The cut-off fixed by a college within a University depends on the number of applications and the marks of the applicants. The number of seats designated for each course in each institution is fixed by the capacity which is evaluated by theUniversity Grants Commission and University of Delhi, keeping in mind the infrastructure required – capacity of the classrooms and so and so forth.Nandita Narain, Former President, DU Teachers’ Association said, “When we receive applications we are instructed to not go well beyond the number of seats – for an instance, if there are 50 seats we would not have a cut-off through which hundreds of students would get enrolled.The teachers of an institution can’t afford the risk of fixing the first cut-off haphazardly which will end up in over-admission. When we reach number 50 or 60 or 70, slightly over the number of seats allotted, we need to put a halt there and confirm that particular percentage against the available seats as the cut-off. Now the results that have been coming from the CBSE and other boards are so high and they get higher every year. I know it’s not a satisfactory system but the college and university doesn’t have a choice in it.”

Private universities over the years have ballooned up and students with economically sound families do end up taking admissions in those private universities. But the primary choice of the students is still the government universities which have managed to maintain its standards, despite facing bulks of problems in terms of the deprivation of adequate funds for infrastructure, salaries and the facilities that they require. However, when students don’t get admission in the DU affiliated colleges because of the highest cut-offs they are either forced to enrol themselves into private universities, if they can afford it or end up going to open schools for correspondence courses, where they evidently can’t get proper attention or quality of learning.
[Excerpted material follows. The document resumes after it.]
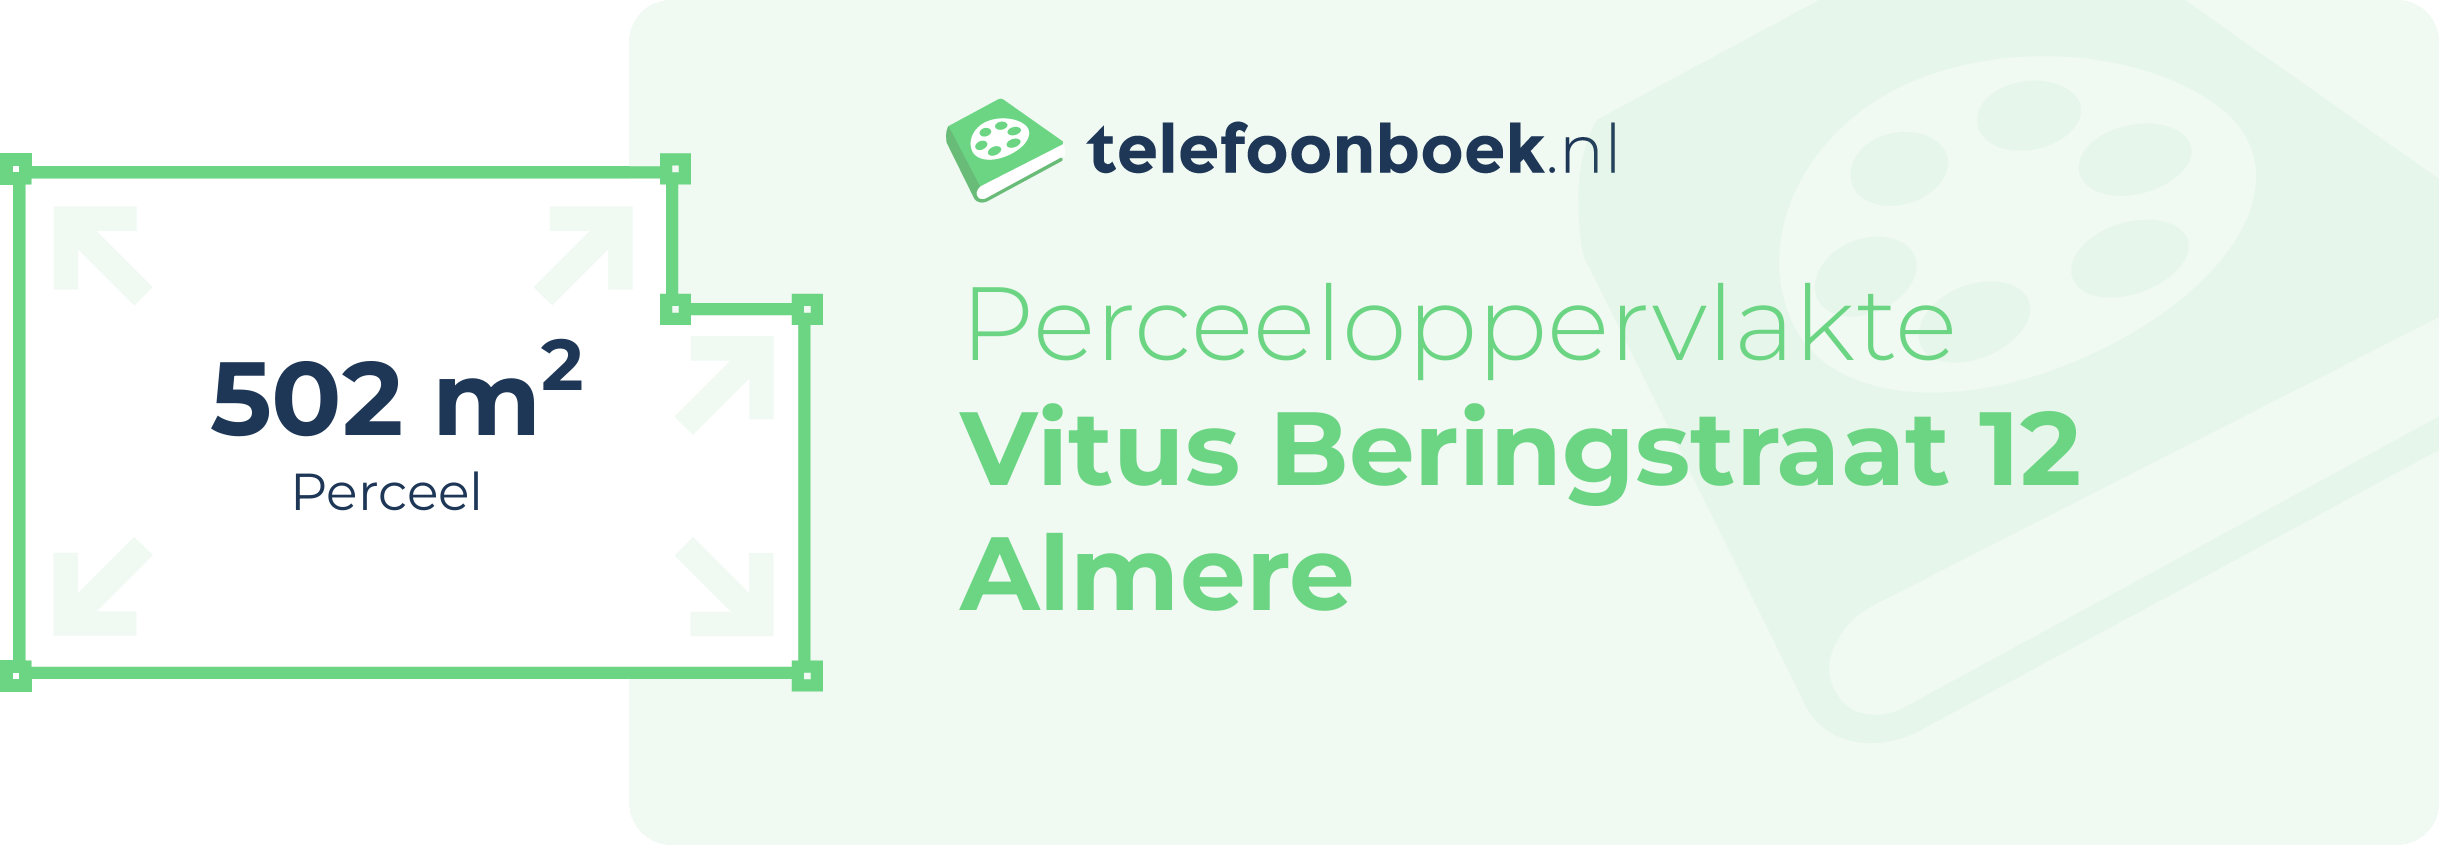 Perceeloppervlakte Vitus Beringstraat 12 Almere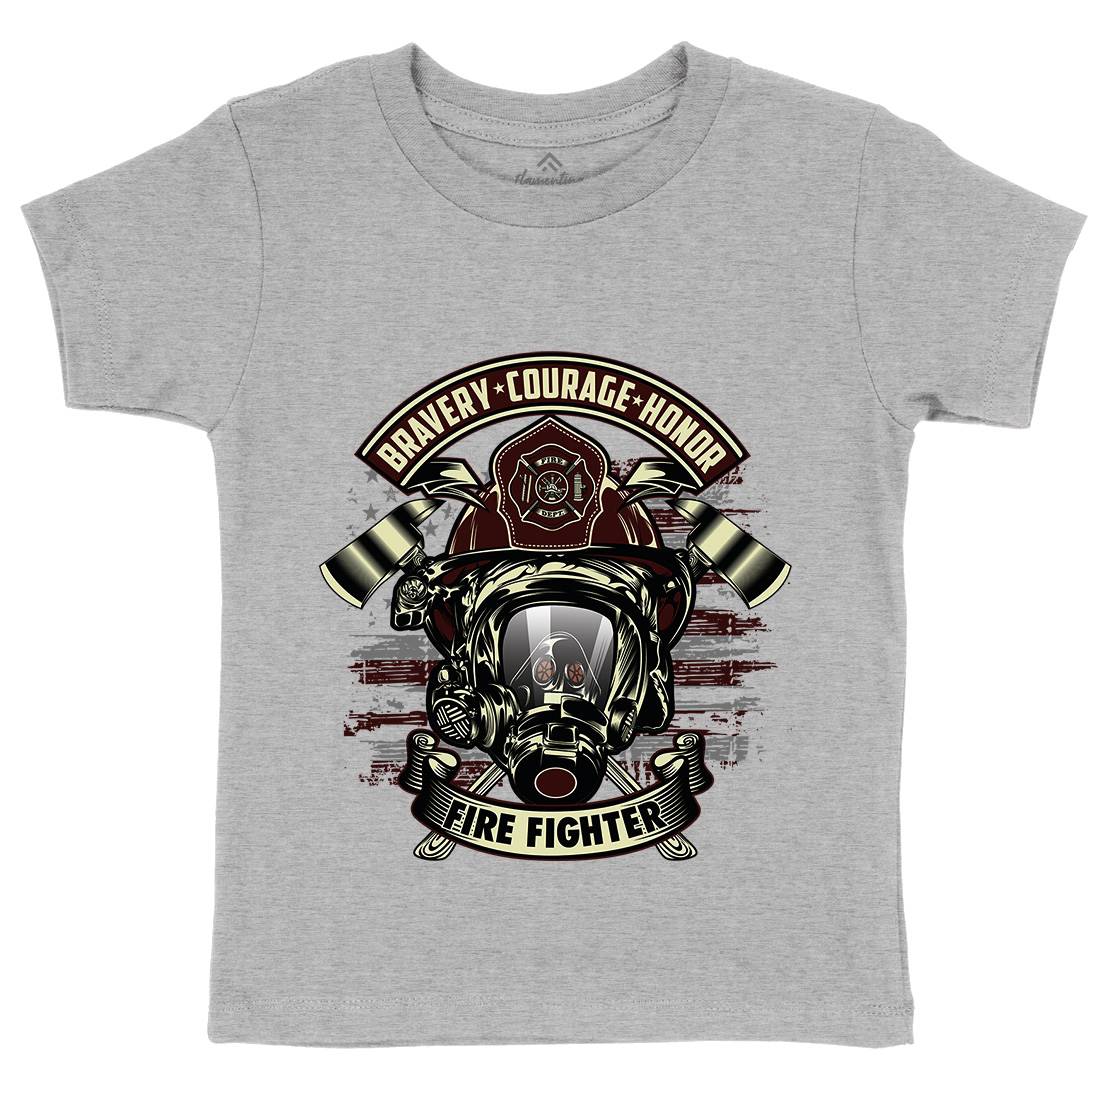 Fire Fighter Kids Crew Neck T-Shirt Firefighters D030

In 2020, 38,000 students have scored above 95% which is double the number of students who have scored the same in 2019. Speaking of that Ms Narain said, “That is definitely the crux of the problem; there are some boards like CBSE which are awarding 100/100 too easily. There has to be some sort of formula by which we are able to either normalise the marks across boards as it becomes extremely unfair for a student living in a state where the state board doesn’t award marks as high as another state’s board. And by increasing the marks of the students of the such boardsthey are of the idea that it will improve the students’ chance of getting into a good university. So there is a competition between boards to grant higher and higher marks and we end up neutralising the entire issue. Moreover, entrance exams benefit people who are already privileged and can afford coaching and so on. So it will be extremely unfair for the students belonging to the underprivileged background if we conduct more and more entrance exams. It is the marks system which is heavily weighed towards people who come from a fortunate background. So the students already in the ‘highest marks bracket’ tend be from economically sound families. Sad, but this is the only system we have of giving admissions.”

One of the controversies that came out in 2017 was asking CBSE to not have moderation policy but that came into effect only after 2018, according to CBSE. But as per the reports after 2018, the investigations conducted by the Quint, Times of India, for instance, have said that this policy still continues unabatedly. There were times when even scoring 75% was tough and considered good and one could effortlessly walk into any college he/she desired for. But scoring 100 in all the subjects is duck soup for the students now. It is extremely unfathomable to digest when students score 100 in English or in any language for that matter, no matter how big a laureate he/she is. Literature/language never calls for complacency; it craves for more perpetually. Hence 100 is simply utopian.“While conducting interviews in our college we did find that students with higher marks are not academically as sound as students with slightly lower marks. Evaluating through marks being the parameter is merely a convenient method. In any case, the boards like CBSE and others must be compelled to start rationalising their marks or there must be a normaliser of some kinds for the students of different boards to be compared with by looking at the overall result of a particular state”, she further said.

The kind of pressure this mark-oriented system puts in the students is horrifying. The evaluation process per say doesn’t take into consideration the skill sets of the students. That has to change as well. Students are not really learning but mugging up for the sake of scoring desirable percentages due to such excruciating competitions and the panic of getting into a good institution. Due to the entrance exams students are mostly focusing on coaching institutions rather than spending their last year in school learning. Year after year we have witnessed students committing suicide and are rapidly increasing in numbers. The NCRP data, in fact, shows that in 2017 it was 9,905 and in 2018 it rose to more than 10,000 who died by suicide. The system has been extremely unfair to the youth of the country by denying them opportunities to study further even when they know they have the will and the capacity to get through. The contribution of the economically unsound section in the growth of the country through everything that they purchase in the market is immense. So, the government owes it to the people of the country by providing them an opportunity to be empowered through education since they havebeen unable furnish adequate amount of employment for the people so far. Education, like most countries in Europe should be made free of cost from Nursery to Post-graduation, which is the only way forward. Whereas, the National Education Policy that has recently been announced by the government does the exact opposite; it plans to reduce the currently existing 50,000 higher educational institutions to merely 15,000. They are talking about a contraction and those 50,000 institutions include both government and private.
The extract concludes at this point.